Knows it has been a while since i wrote to you...well i know you will understand..so i am writing now..not only because i want to keep in touch and it has been a while..but because i have been thinking about a lot of things...o0(ok..well that is nothing new..lol).. but seriously..i am worried about us...i am wondering what is happening. Is that the future for all couples whether online, real life, married or in anytype of relationship..is the future dont want to say boredom but separation?...what i mean is..we used to talk..all day long...it was wonderful...used to be so much to say...even the minimalist thing...i would tell you..and it would mean the world to me to tell you...but now..i find myself in that uncomfortable silence..staring at you..only wanting to be held,touched, embraced in your warmth...I love you will all my heart...but there is just so much holding and touching that can be done...*sighs*..i know this isnt sounding to good is it..i am not trying to make it sound so negative..i am just wondering what is going on..sure i have my theories..and sometimes you know what i have to say about my thories...i should just screw them...why must i have to analyze, look at, go through everything in full detail..of ever acction...maybe that is why i am so streesed at times..i should just enjoy life..and enjoy things as they come and no worry about anything else.

So what happen to us... well my answer..is we lost communication...not love..just the foundation of what we are based on...and why did we lose it..maybe because we both feel there is nothing good to say..the very thing we represent..which is good..is all that is good in our opionions in our lives..sure that sounds pessimistic..but..you said it yourself..you are not happy...and in a sense i am not happy where i am either...yet ironically there is nothing to be unhappy about....i guess it is just simple as boredom...are we both truly bored with the way things have turned out? *sighs*..

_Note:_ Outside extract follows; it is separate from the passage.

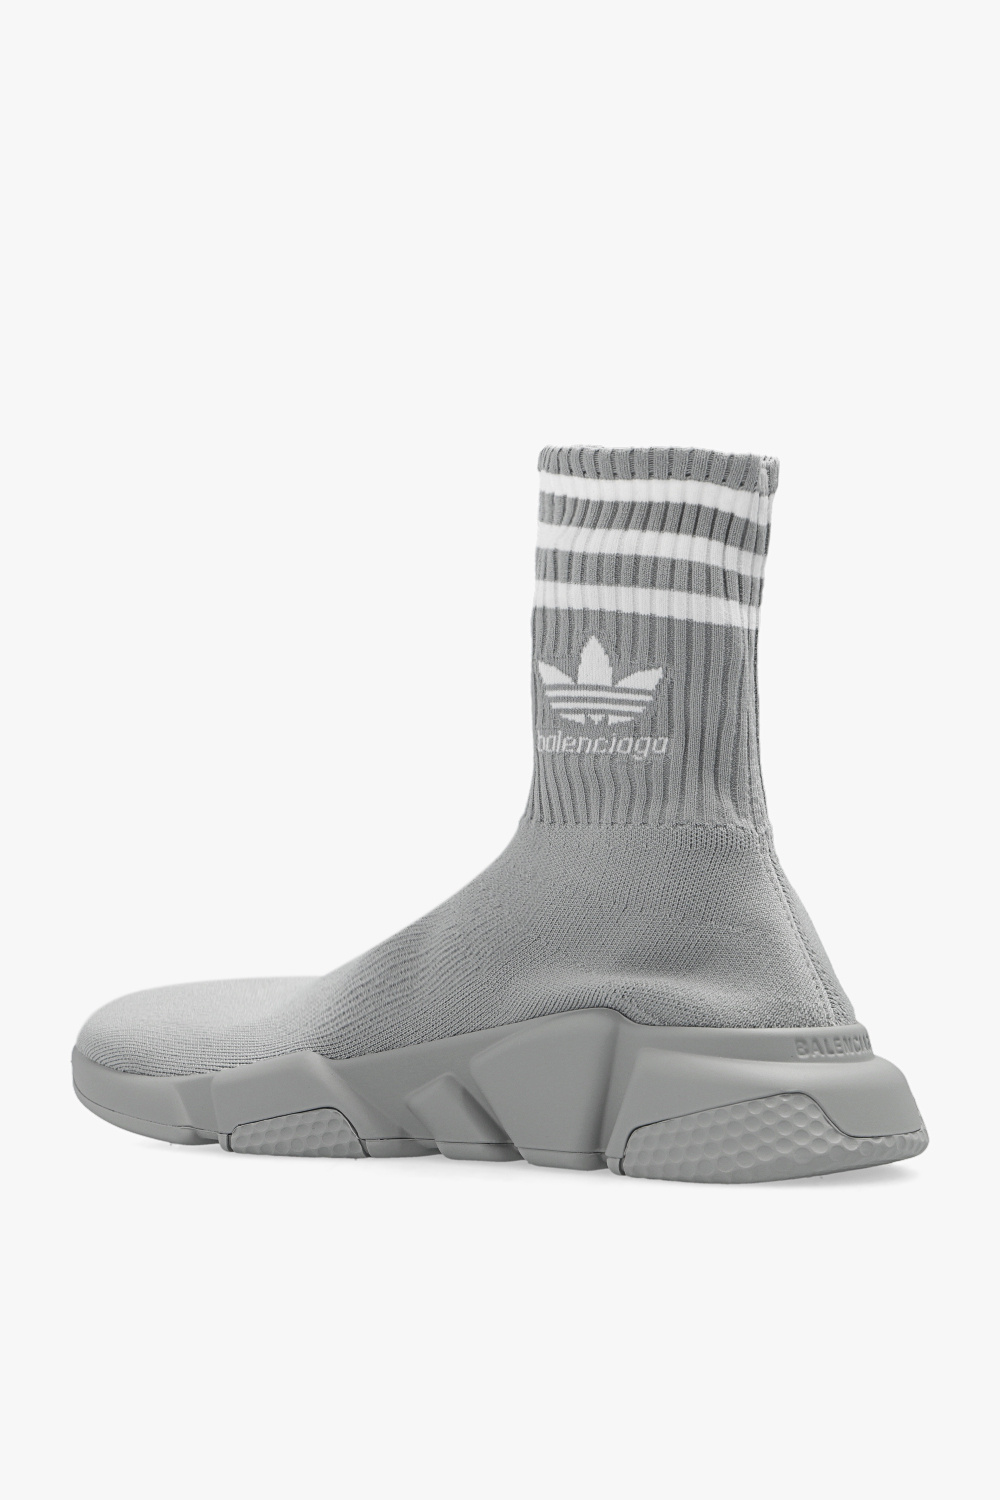 De-iceShops Ukraine - zapatillas de Adidas amortiguación minimalista apoyo talón talla 40 - Grey Balenciaga x ADIDAS Balenciaga

You know you are probably wondering why i am thinking like this..funny things is..had a dream last night...and well it kind of bothered me...and even now just thinking of it bothered me..and the dream was about losing you...that..you died in a car accident..but you did so the day after you broke up with me...horrible thought isnt it..*sighs*..maybe that is why i am troubled and worried..for that dream did bother me..and still does..because i wonder..what would happen if i ever did find out something like that....

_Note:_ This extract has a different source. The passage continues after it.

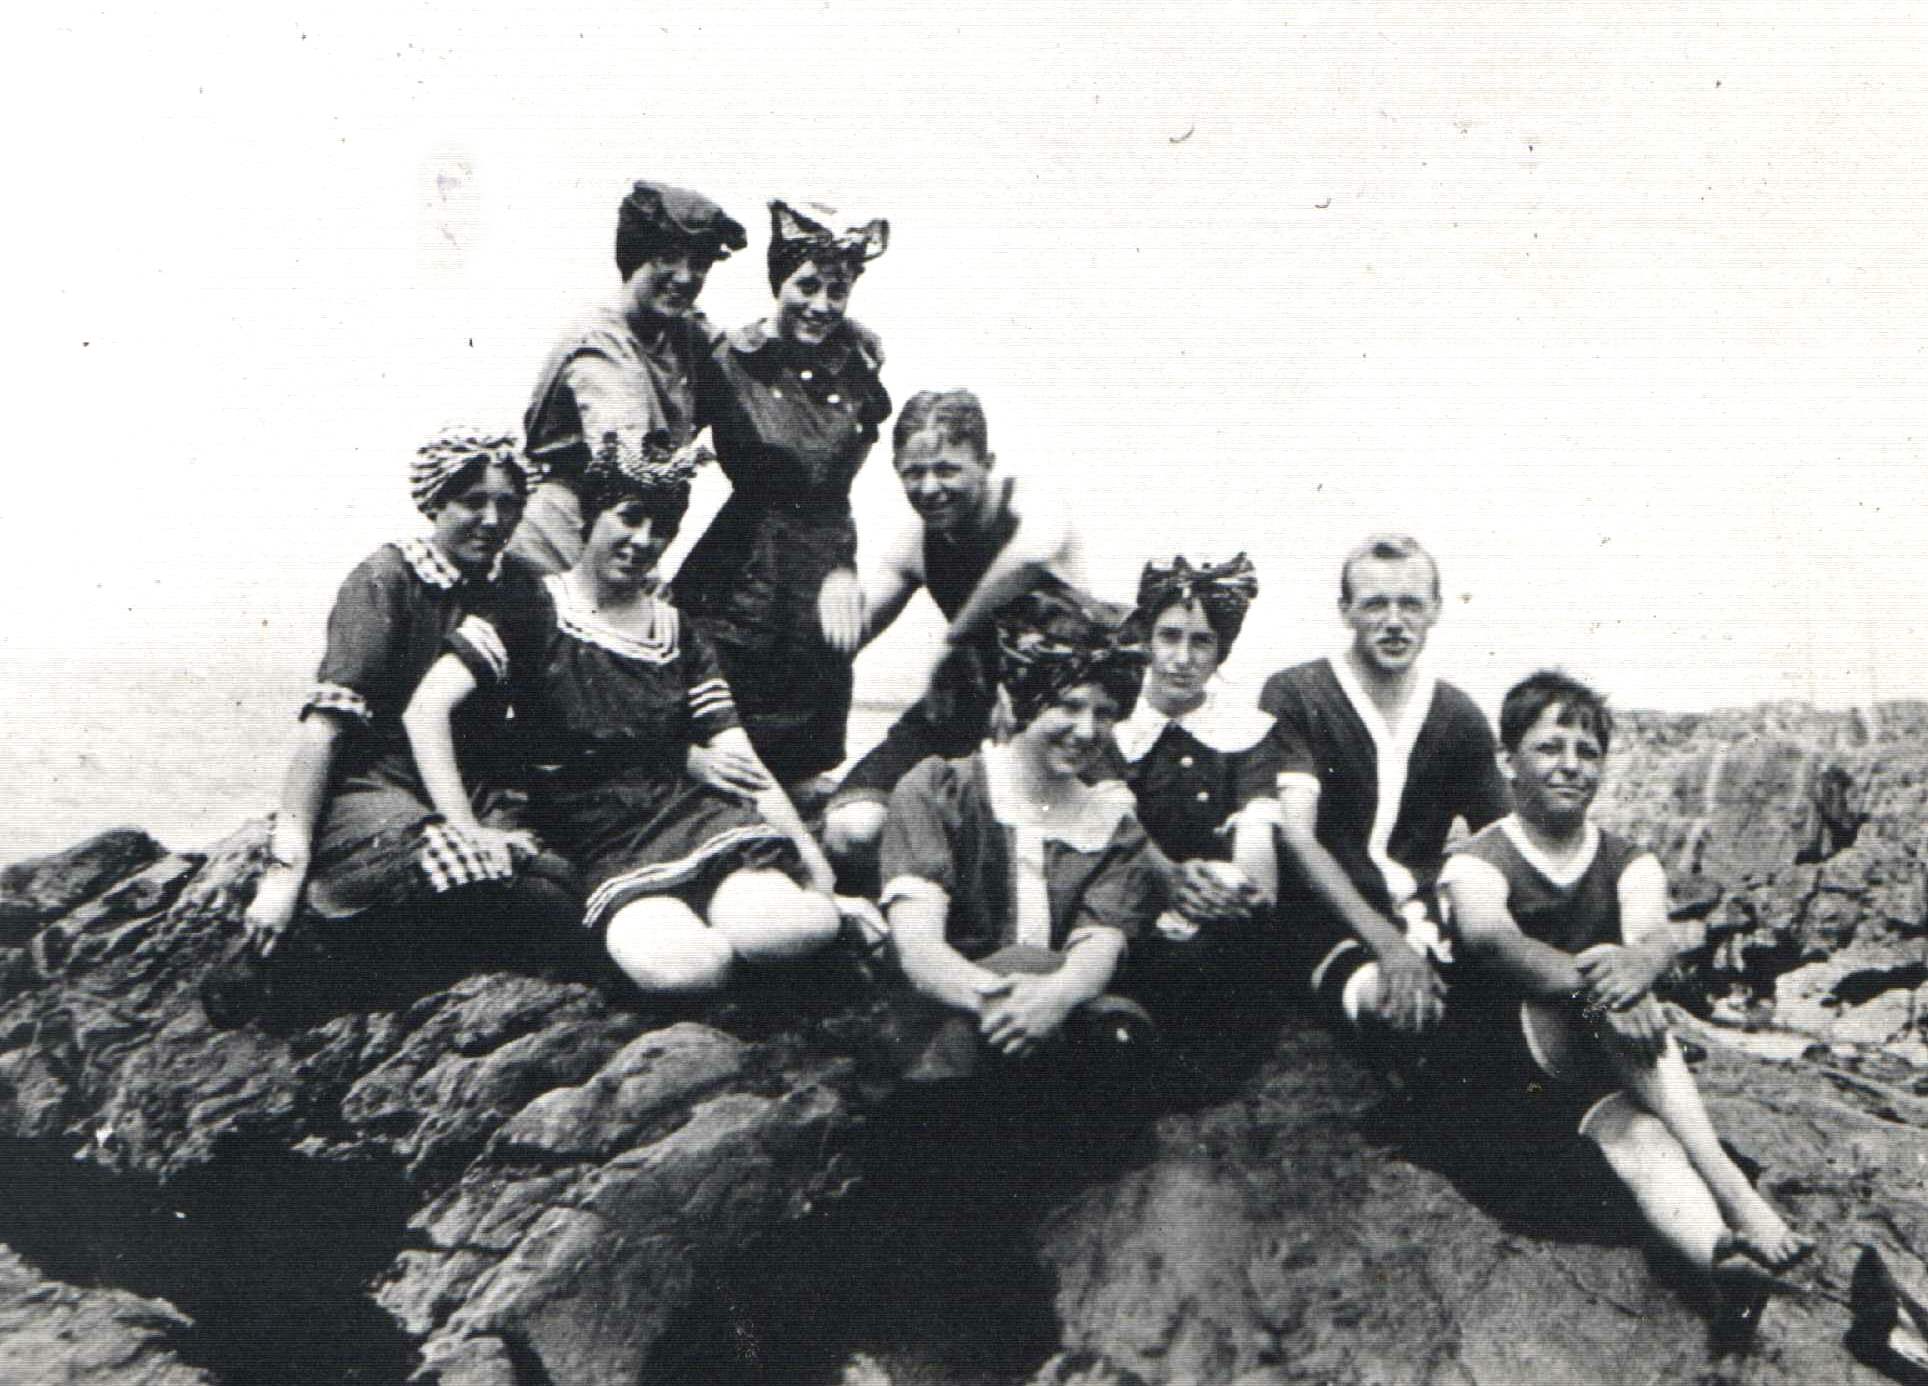 Neuf jeunes personnes posent sur un rocher au bord du fleuve, vêtus de maillots de bains du début du vingtième siècle.

well things in general...i realise..i have absolutly nothing to say..*sighs*...ACKKKKK..this is bad.... Master...maybe you can find something to say..for it is true..been a while since you wrote to me as well and i miss the letters you used to write..even if you didnt say much..i still liked to see them...i really dont know... all i want to do..which i am going to do know and take full advantage of is..wants to just hug you and love you all night long..*smiles*...so with that.. *wraps arms snuggly around you feeling your warmth...laying head gently upon your shoulder...falling asleep in your arms of warmth*..smiles... *placing a gentle kiss upon your lips*.. Master i love You..and hope to see you soon...wants to see you soon..have to talk about something..no matter what it is...if not we can play Q & A...dont think we ever played that before..just back and forth questions..about ourselves...who knows..may be an intersting game.... for now..going to say farewell Master..have a wonderful day..and wishes you well....hopes to see you soon..and chin up..smile...things will get better..please dont be upset by this letter..but..just had to talk and tell you want is on my mind... I love You ..........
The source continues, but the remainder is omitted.